Надежде, как всякому проявлению творческих сил души, нужен побудительный импульс — любовь. Таково это странное, легкоуязвимое чувство. Надежду Софи питала ее любовь к матери и сестрам, а еще больше — к двоим далеким изгнанникам, брату и отцу.
Так беззащитна надежда перед судом разума, что постоянно должна сама создавать себе новые и новые опоры. Она тянется к героическим сагам и легендам, она не гнушается суеверий. Льстивые утешения ей не нужны; она дорожит победой, добытой в бою, но склонна к ритуалам и фетишам. Ложась спать, Софи не забывала положить под подушку три зеленых наконечника для стрел. В котловине, где теснится Коултаун, радуга — небывалое зрелище, но Софи два раза в жизни видела радугу, гуляя близ Старой каменоломни. Она знала, что это добрый знак. Над тайничком, куда она прятала деньги, была начерчена едва приметная дуга и у концов ее выведены инициалы: «Дж.Б.Э.» и «Р.Б.Э.». Иррациональная по природе своей, надежда тяготеет к тому, что кажется проявлением сверхъестественного. Софи черпала силу в необъяснимой тайне, окружающей побег ее отца. Но у надежды, пусть самой смелой, бывают свои периоды спада, свои черные часы. Когда такой час наступал для Софи, она замыкалась в себе, сворачивалась клубочком, точно зверек, пережидающий снежную бурю. Все члены семейства Эшли но воскресеньям ходили в церковь, но дома никаких религиозных обрядов не совершали. Молиться о чудесном спасении свыше Софи сочла бы слабостью. Если она и просила чего-нибудь у бога, то лишь чтобы он вразумил ее в борьбе с повседневными трудностями, ниспослал ей «ясность мысли».

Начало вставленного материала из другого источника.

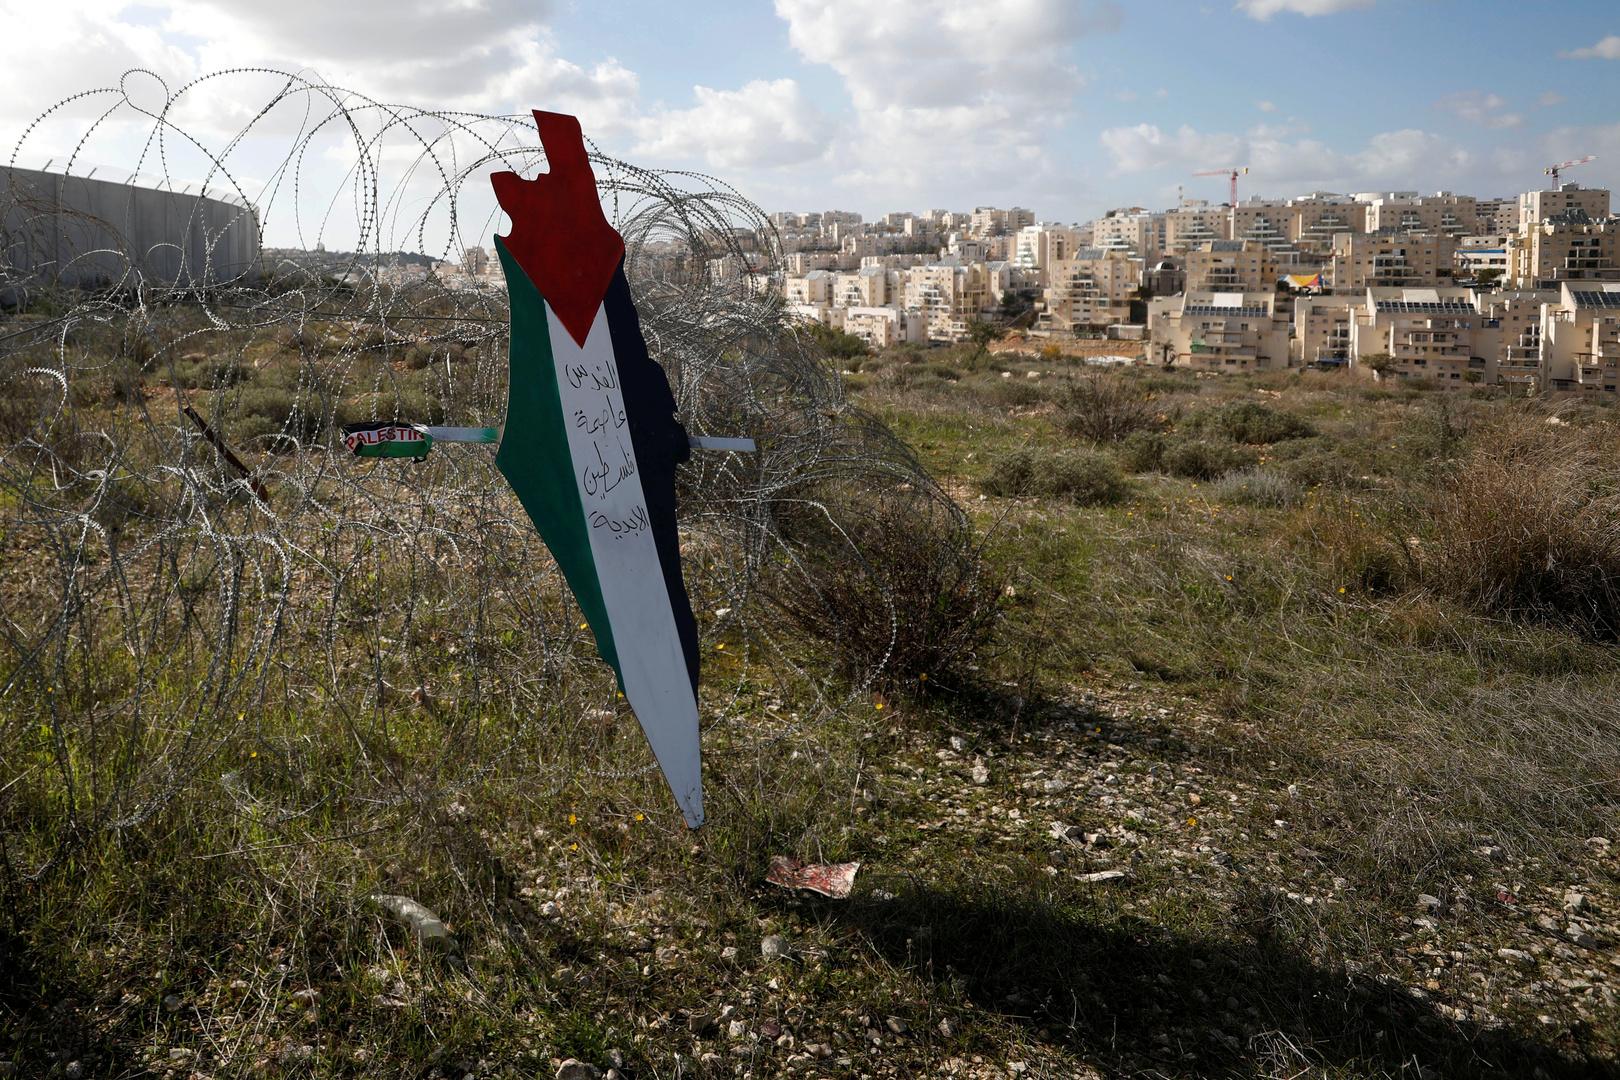 وزير إسرائيلي: حكومة نتنياهو تخطط لشرعنة عشرات المستوطنات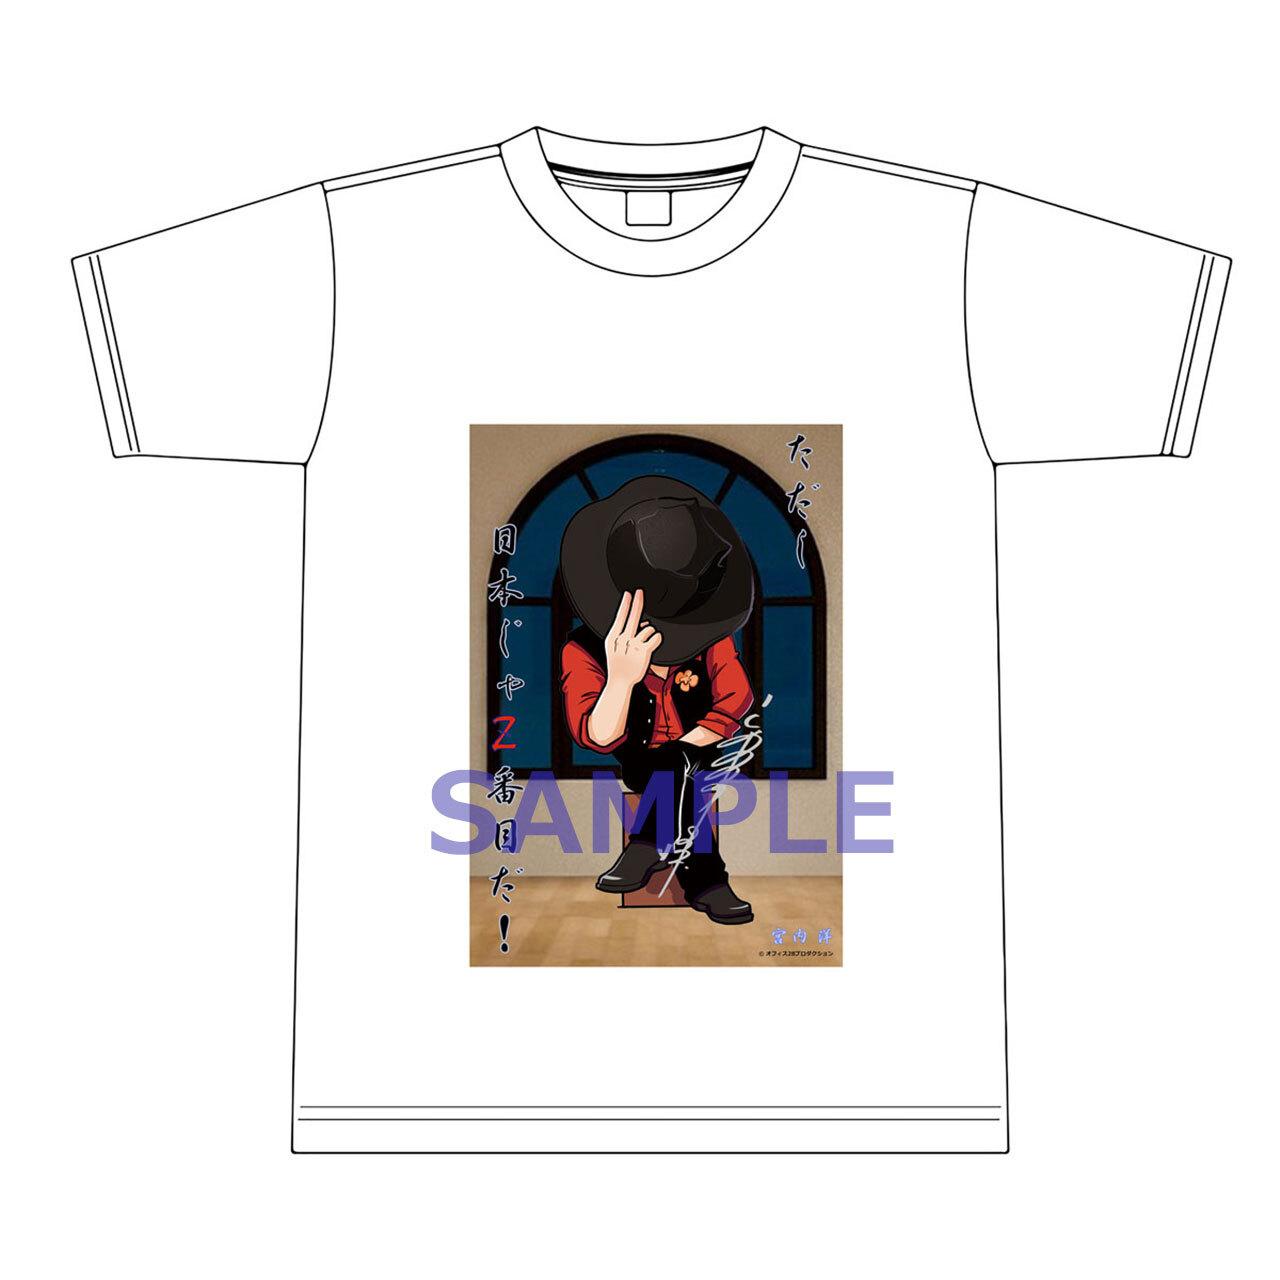 【4589839361484先】宮内洋 Tシャツ B /XL 銀色箔押しサイン付きver.

И вот назавтра, после переговоров с мистером Кении, Софи поздно вечером проскользнула в комнату к старшей сестре. В одной руке она держала зажженную свечку, в другой — яркую вывеску, на которой значилось: «Пансион „Вязы“. Комнаты со столом». Она села у кровати на пол и прислонила вывеску к коленям.
— Лили! Проснись, Лили!
— Что случилось?
— Смотри!
— Софи! Что это такое? — Ответа не было. — Ты с ума сошла, Софи!
— Лили, ты мне должна помочь уговорить маму. Тебя она слушает. Ты должна объяснить ей, как это важно. Лили, для нас это единственный выход. Иначе мы просто умрем с голоду. И потом, Лили, это нам даст возможность видеть людей. Так ведь нельзя жить, совсем никого не видя. Люди будут стучаться — старые, молодые, подумай, как интересно. Вы с мамой займетесь стряпней, а нам с Констанс останется уборка и постели.
— Но, Софи, такие ужасные люди!
— Почему же непременно ужасные? Поставим лампы в каждую комнату. А вечерами все будут собираться в гостиной и слушать твое пение. Я знаю место, где можно раздобыть пианино.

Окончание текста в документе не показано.